### Stored data:
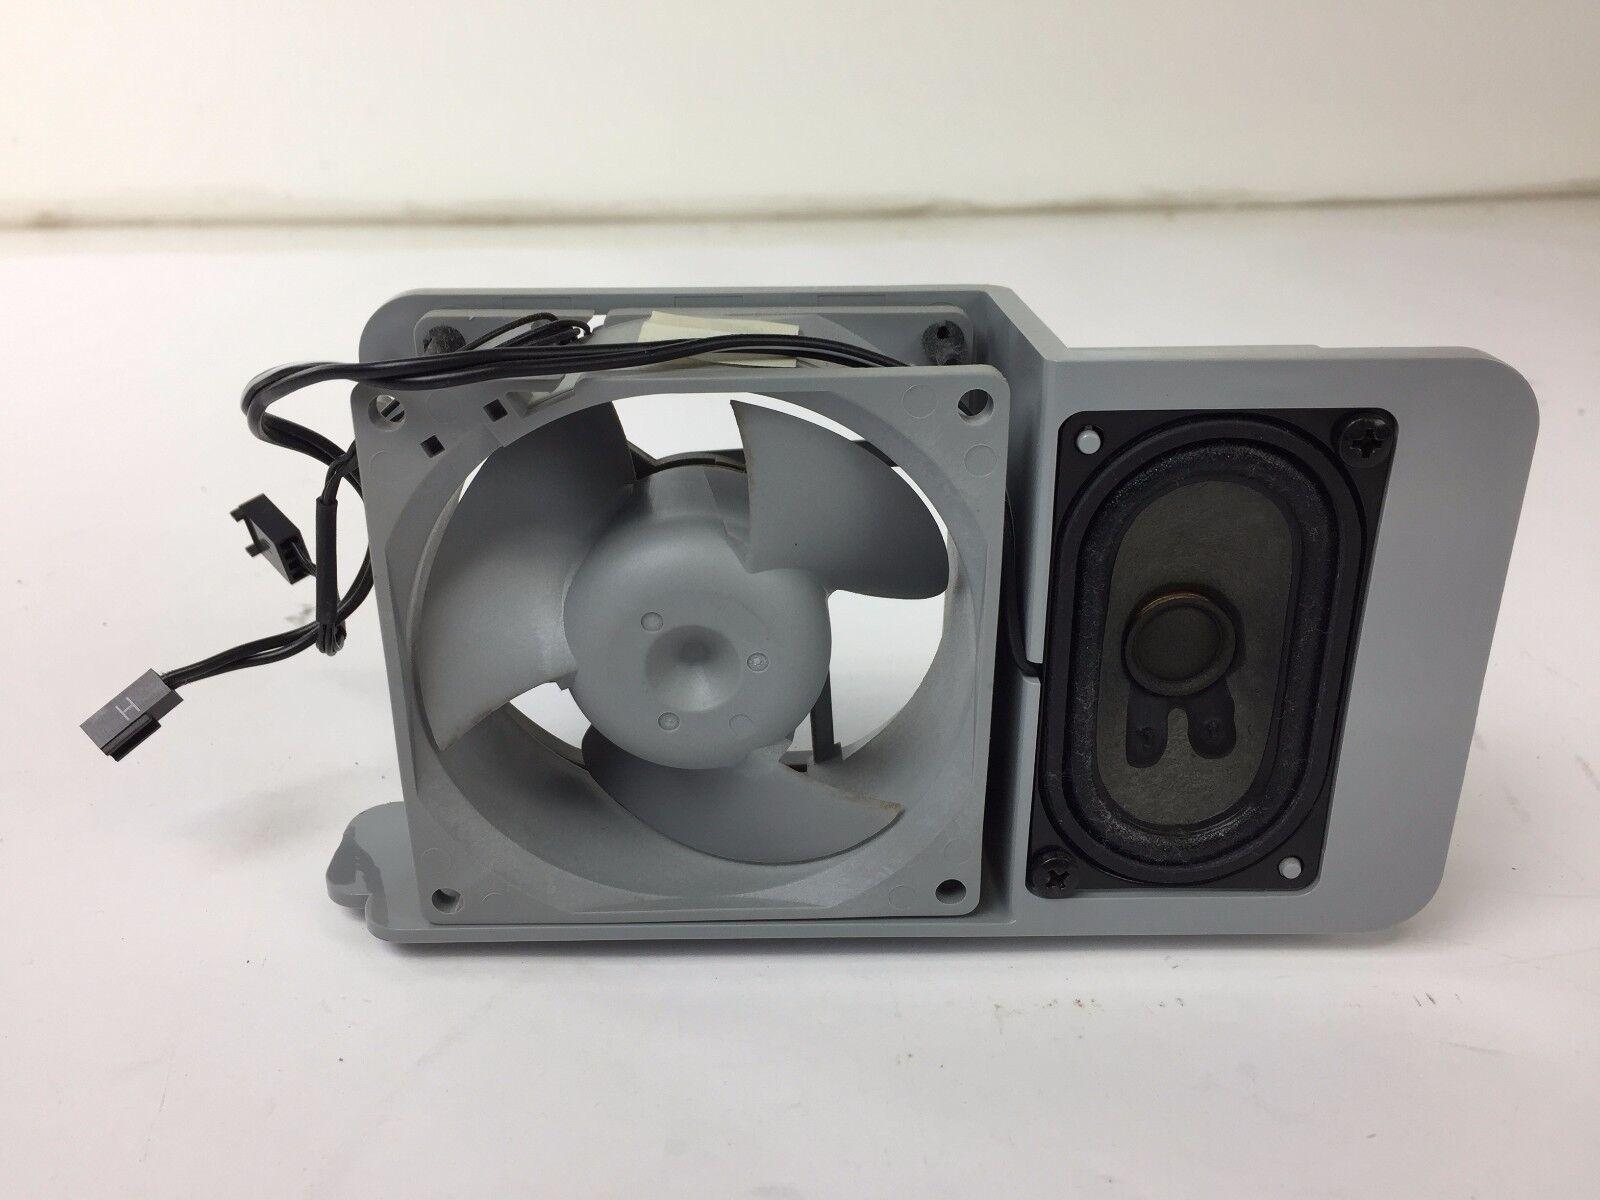 Apple PowerMac G5 Fan and Speaker Assembly
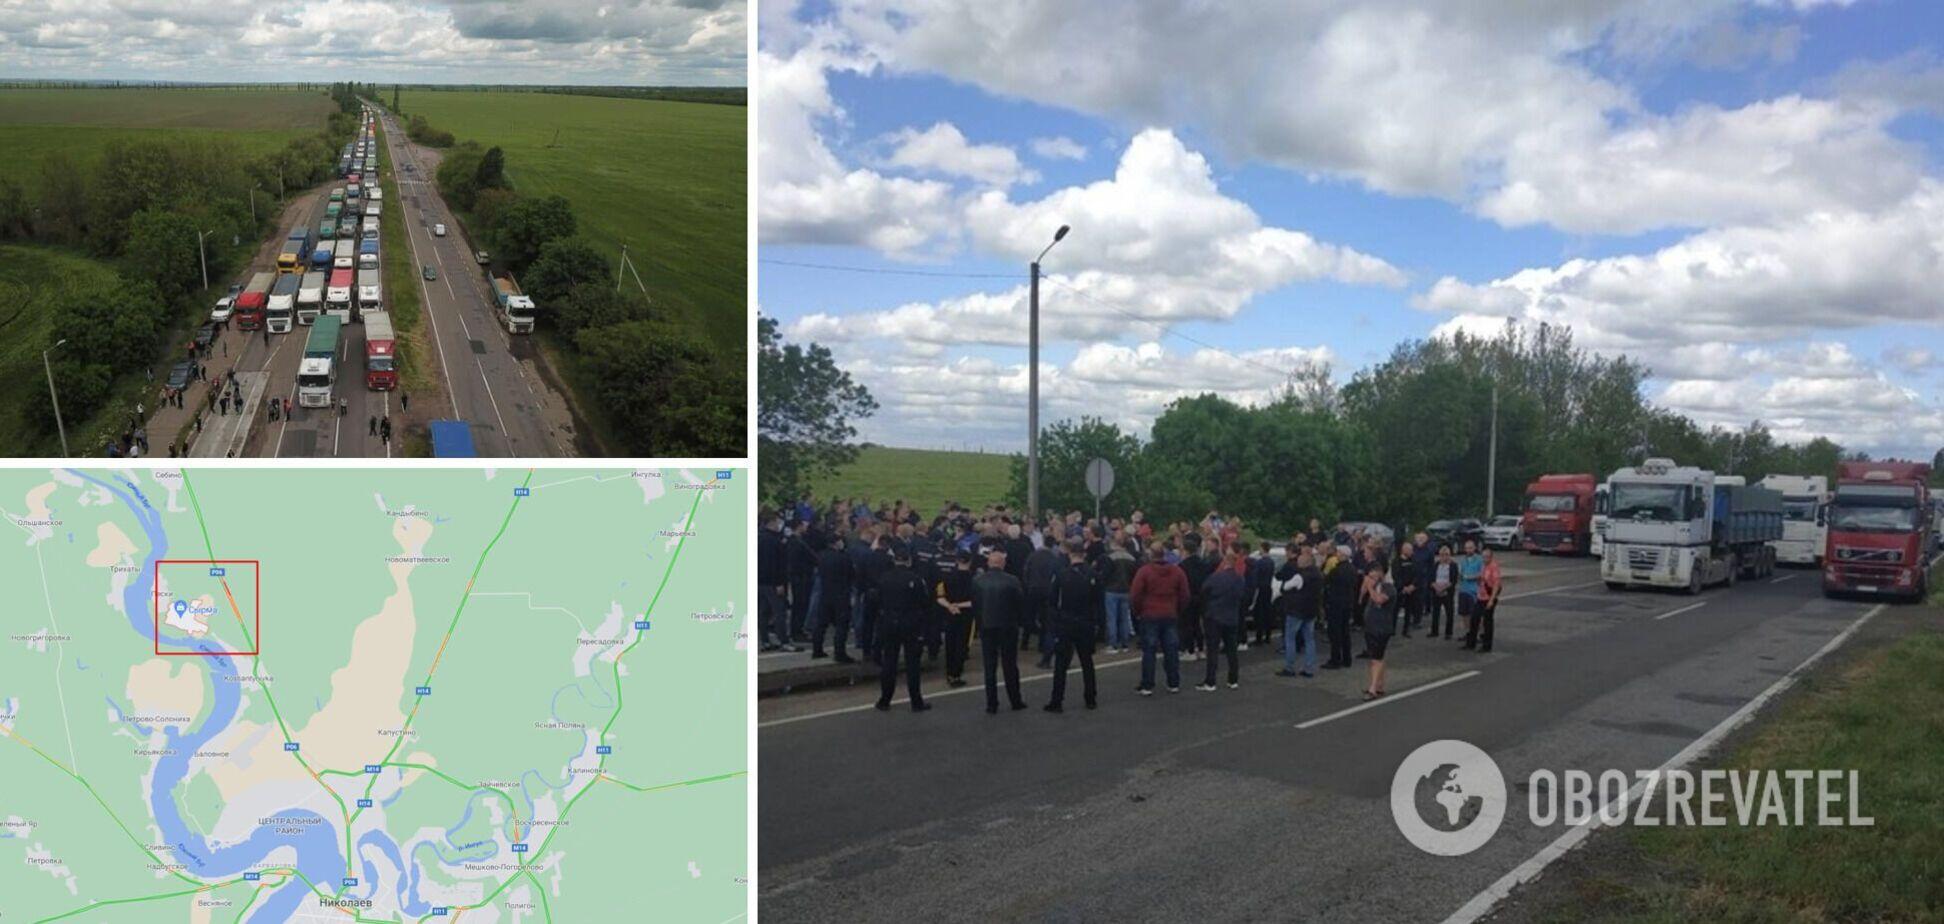 Под Николаевом дальнобойщики заблокировали трассу, протестуя против систем взвешивания. Фото и видео
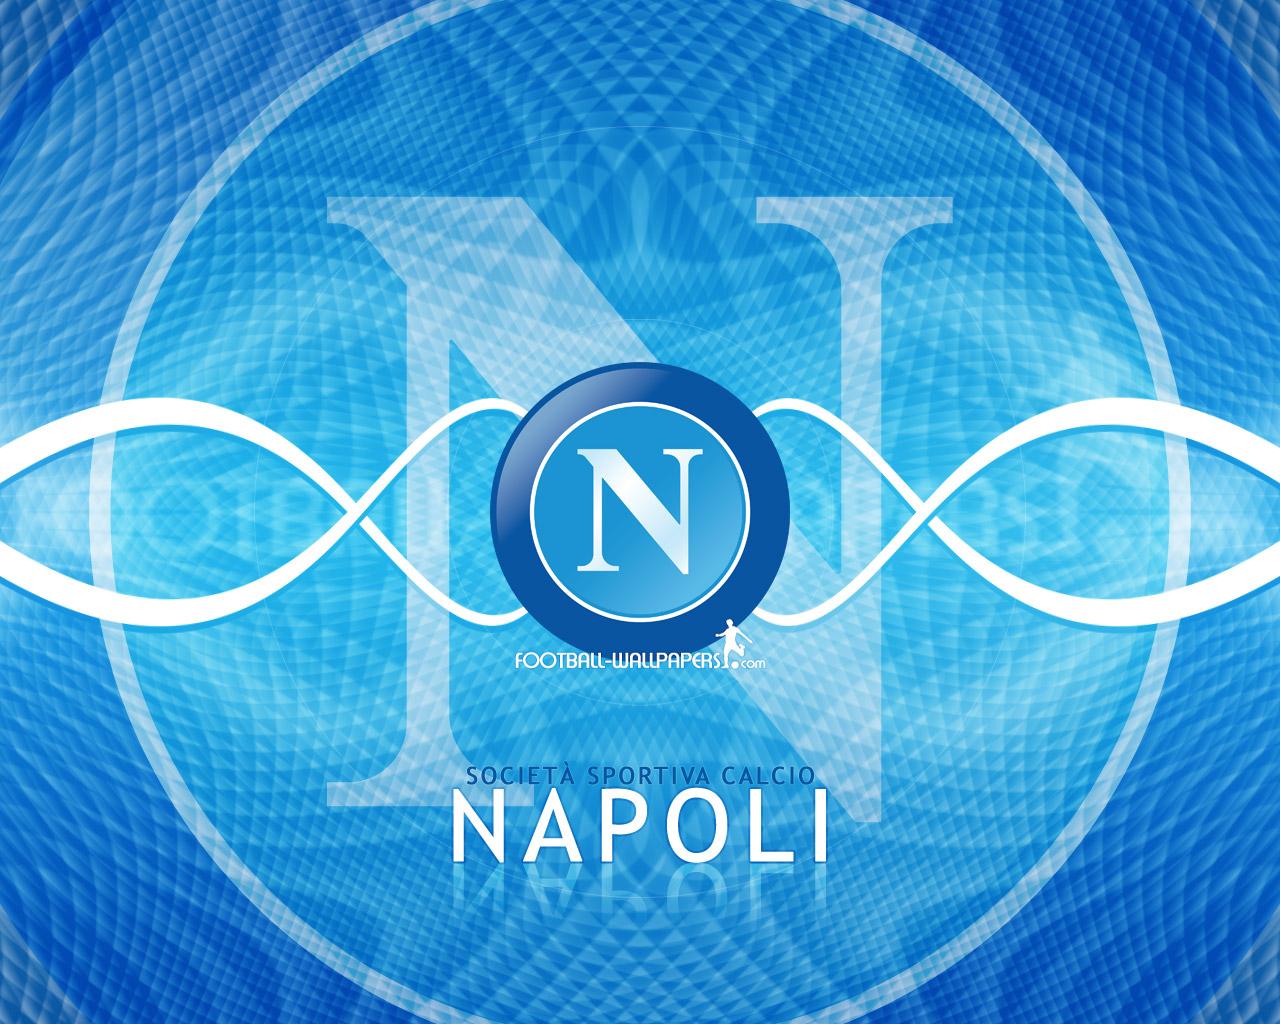 """Il Napoli risponde al Pres. Del San Paolo: """"Ognuno si qualifica per quello che dice"""""""

### Problem details:
Take the line containing "Под Николаевом дальнобойщики" and all lines after it to the end of the data above, and reproduce them exactly, leaving out pictures. Nothing else belongs in the copy.

### Written solution:
 Под Николаевом дальнобойщики заблокировали трассу, протестуя против систем взвешивания. Фото и видео
 """Il Napoli risponde al Pres. Del San Paolo: """"Ognuno si qualifica per quello che dice"""""""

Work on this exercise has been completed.